### WHAT YOU WILL DO
Please return the listing exactly as written, but without its pictures.

### DATA EXCERPT
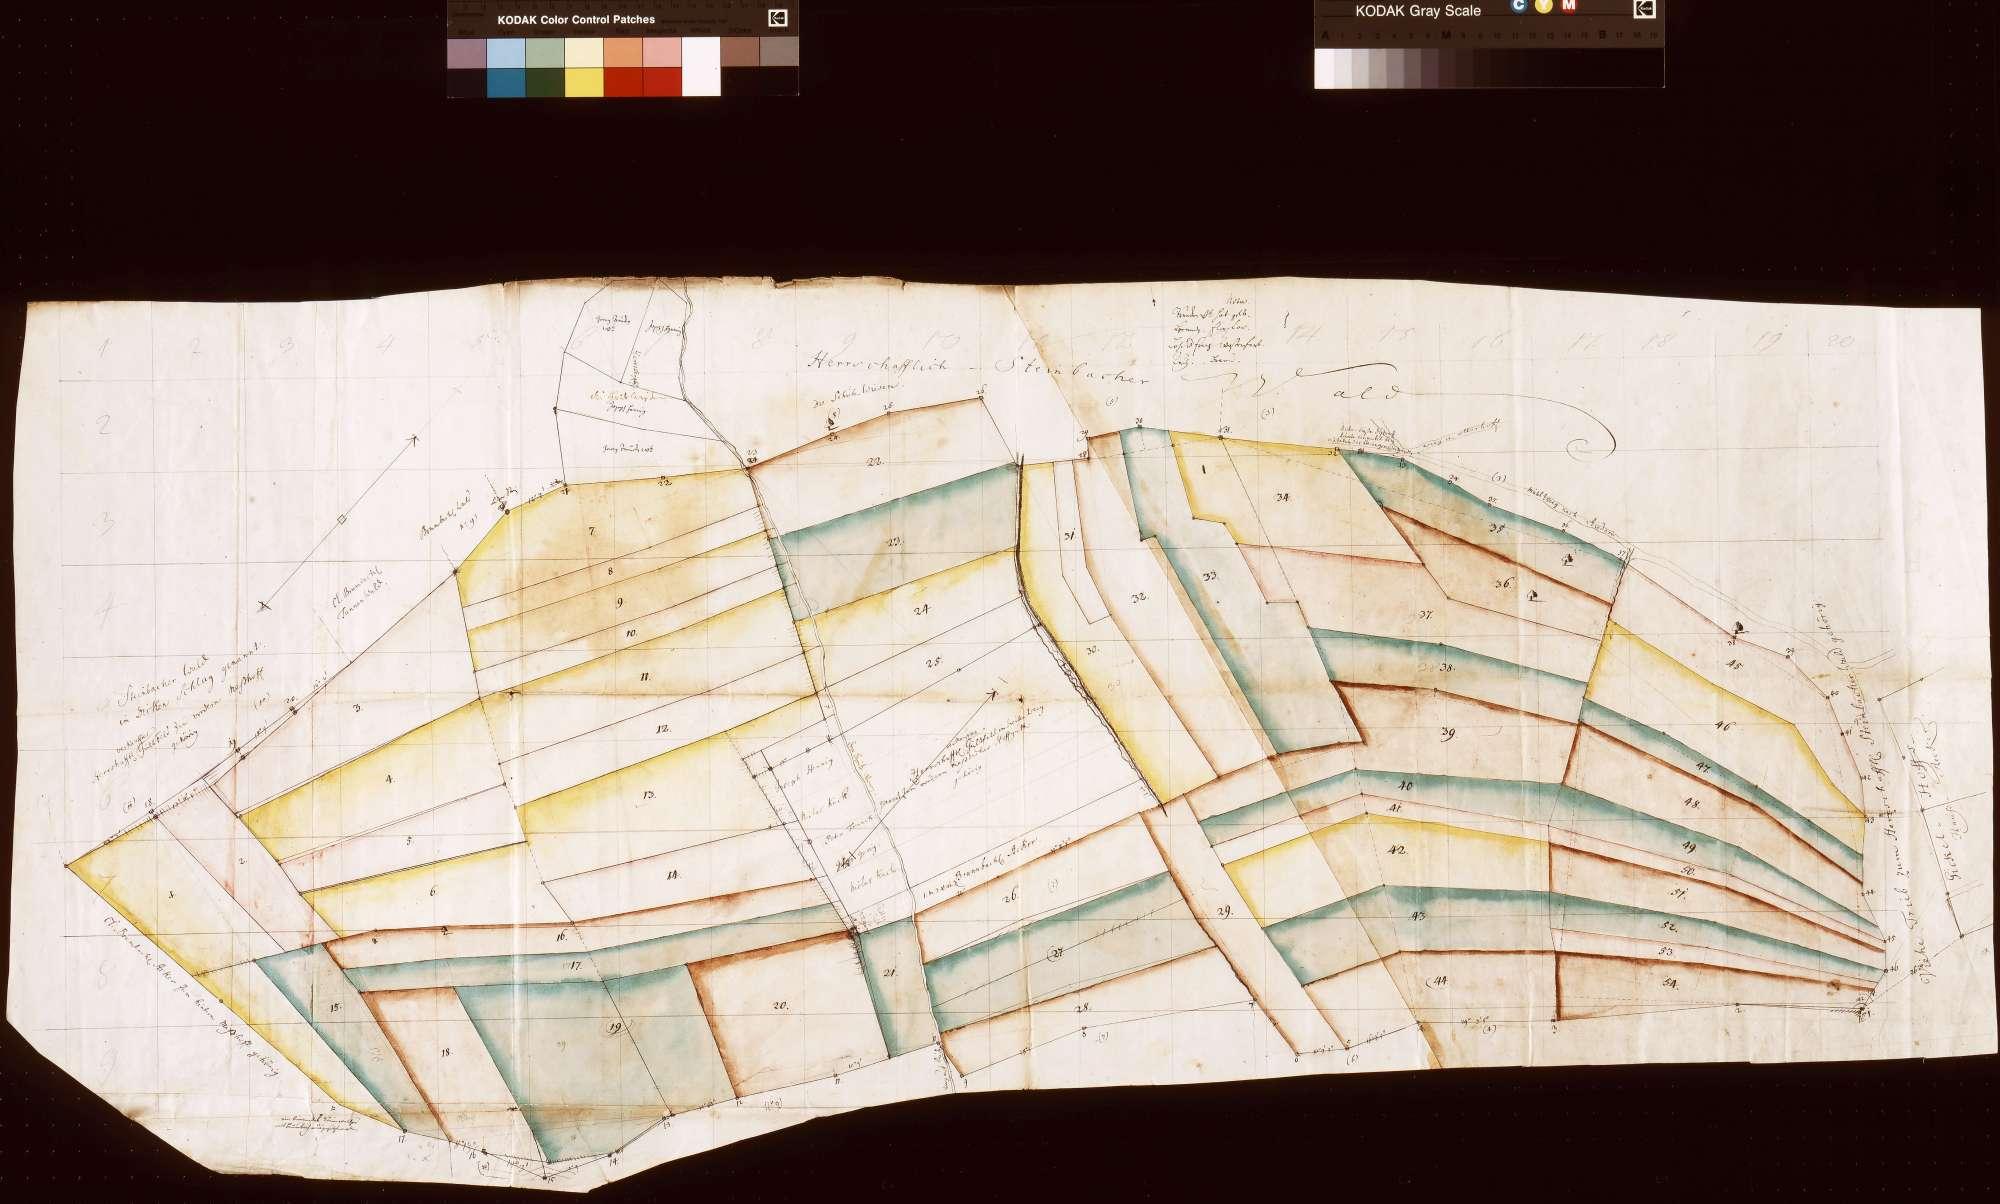 Gickelfeld (Inselkarte), Bild 1
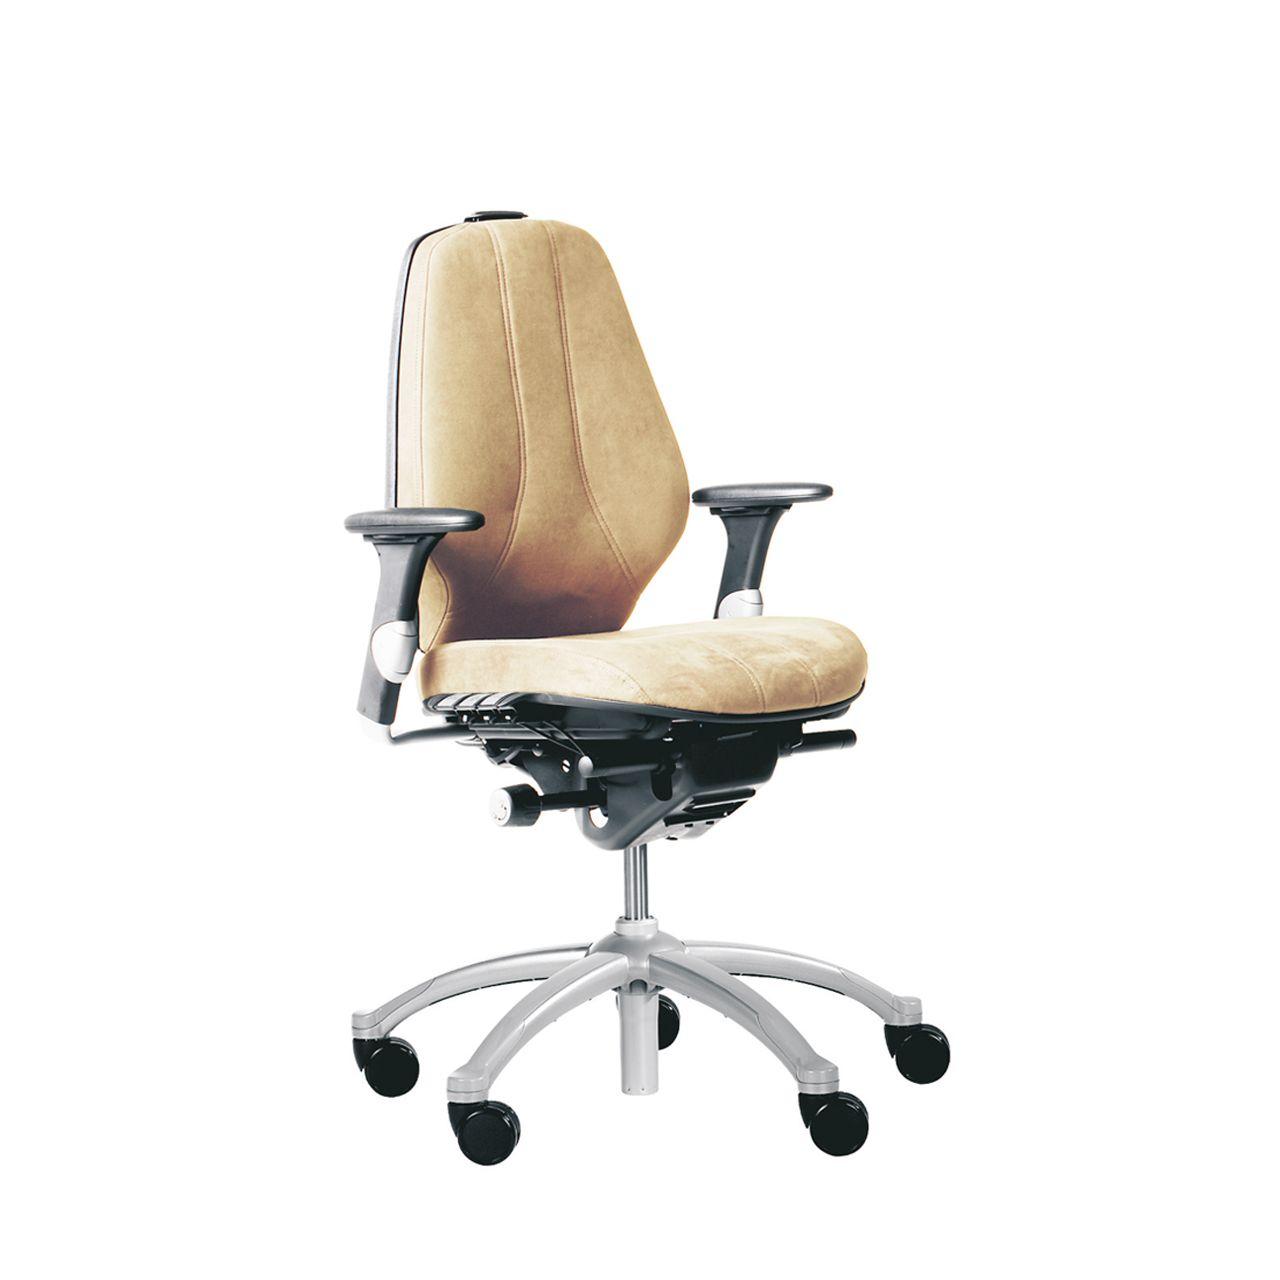 rh logic 300 24 7 ergonomische bureaustoel STKARH304 Beige
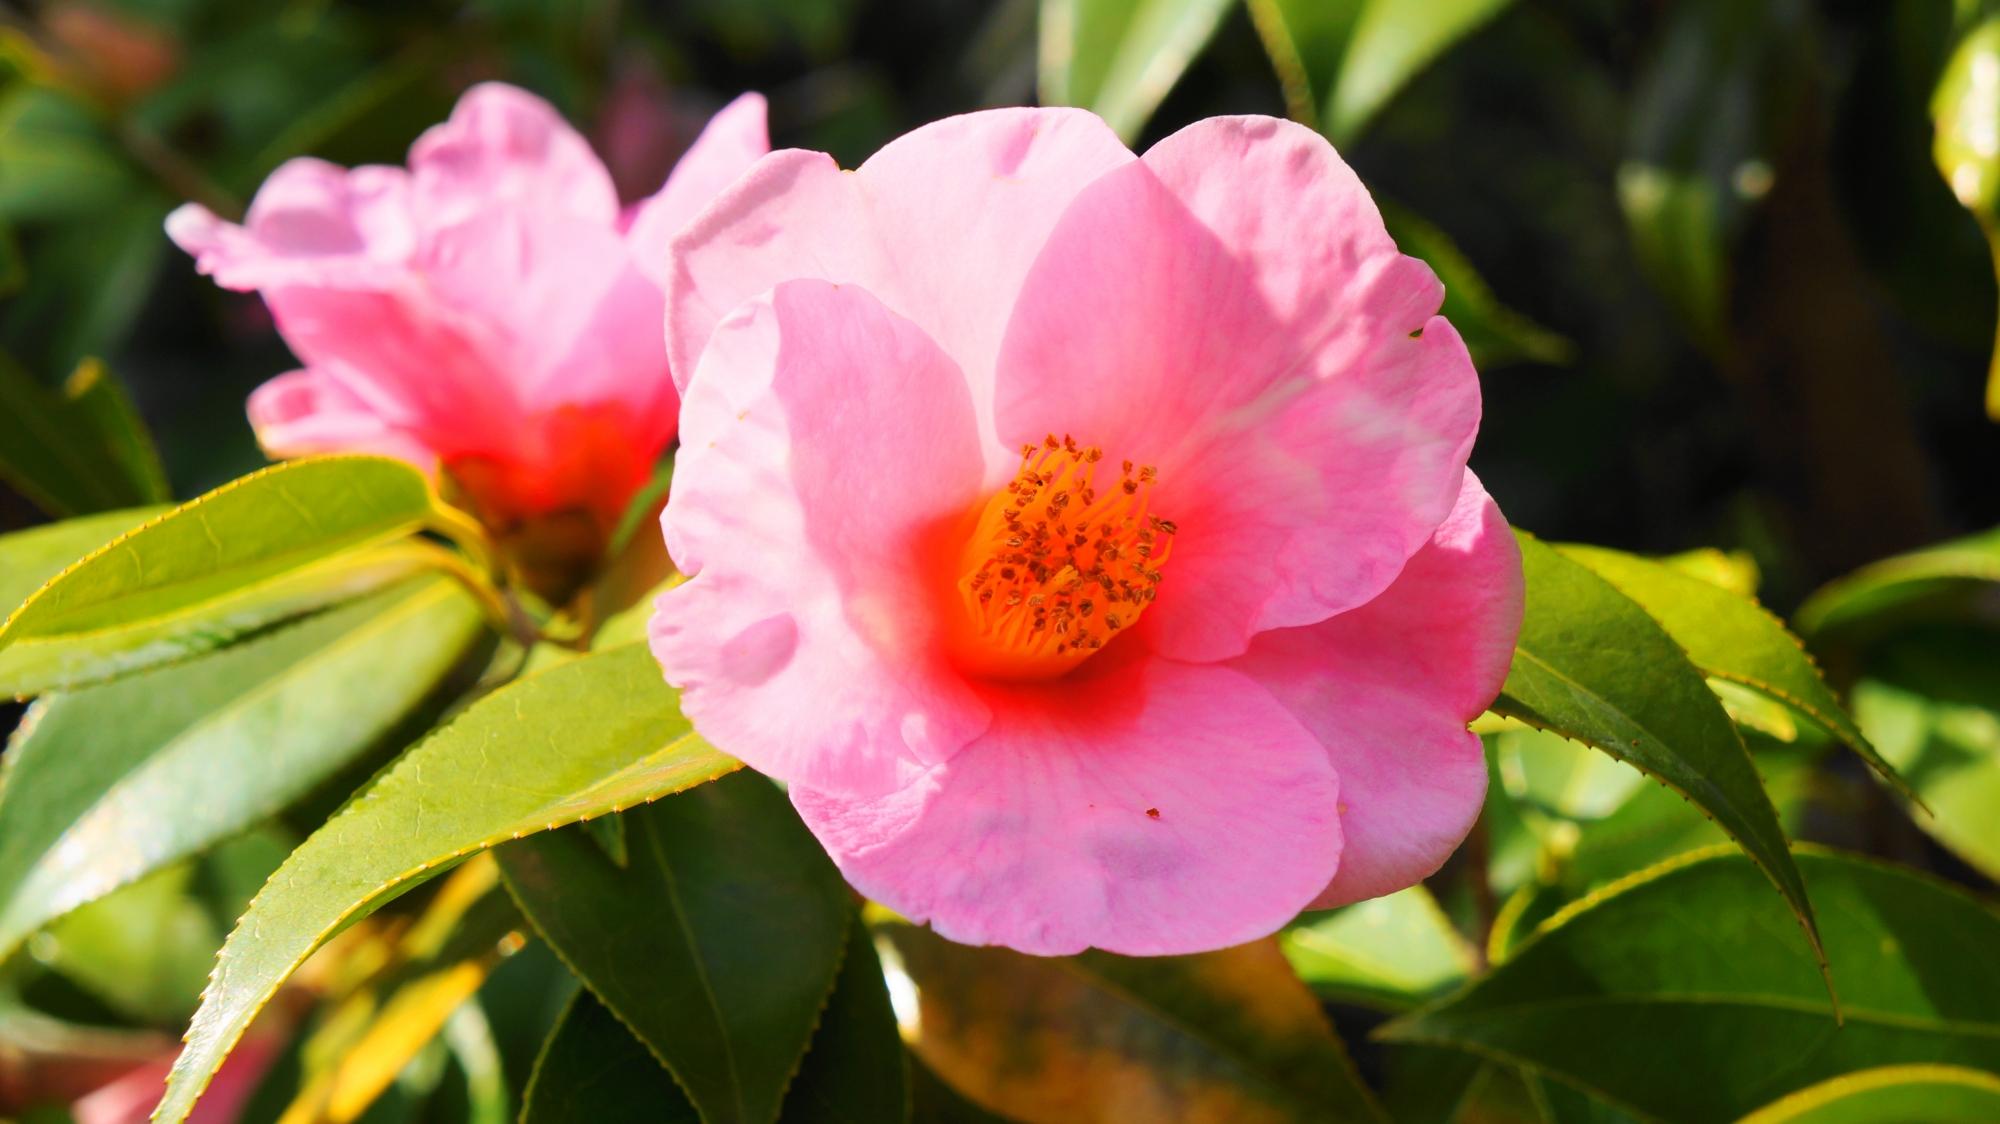 ピンクの華やかな椿

### SOLUTION
 Gickelfeld (Inselkarte), Bild 1
 rh logic 300 24 7 ergonomische bureaustoel STKARH304 Beige
 ピンクの華やかな椿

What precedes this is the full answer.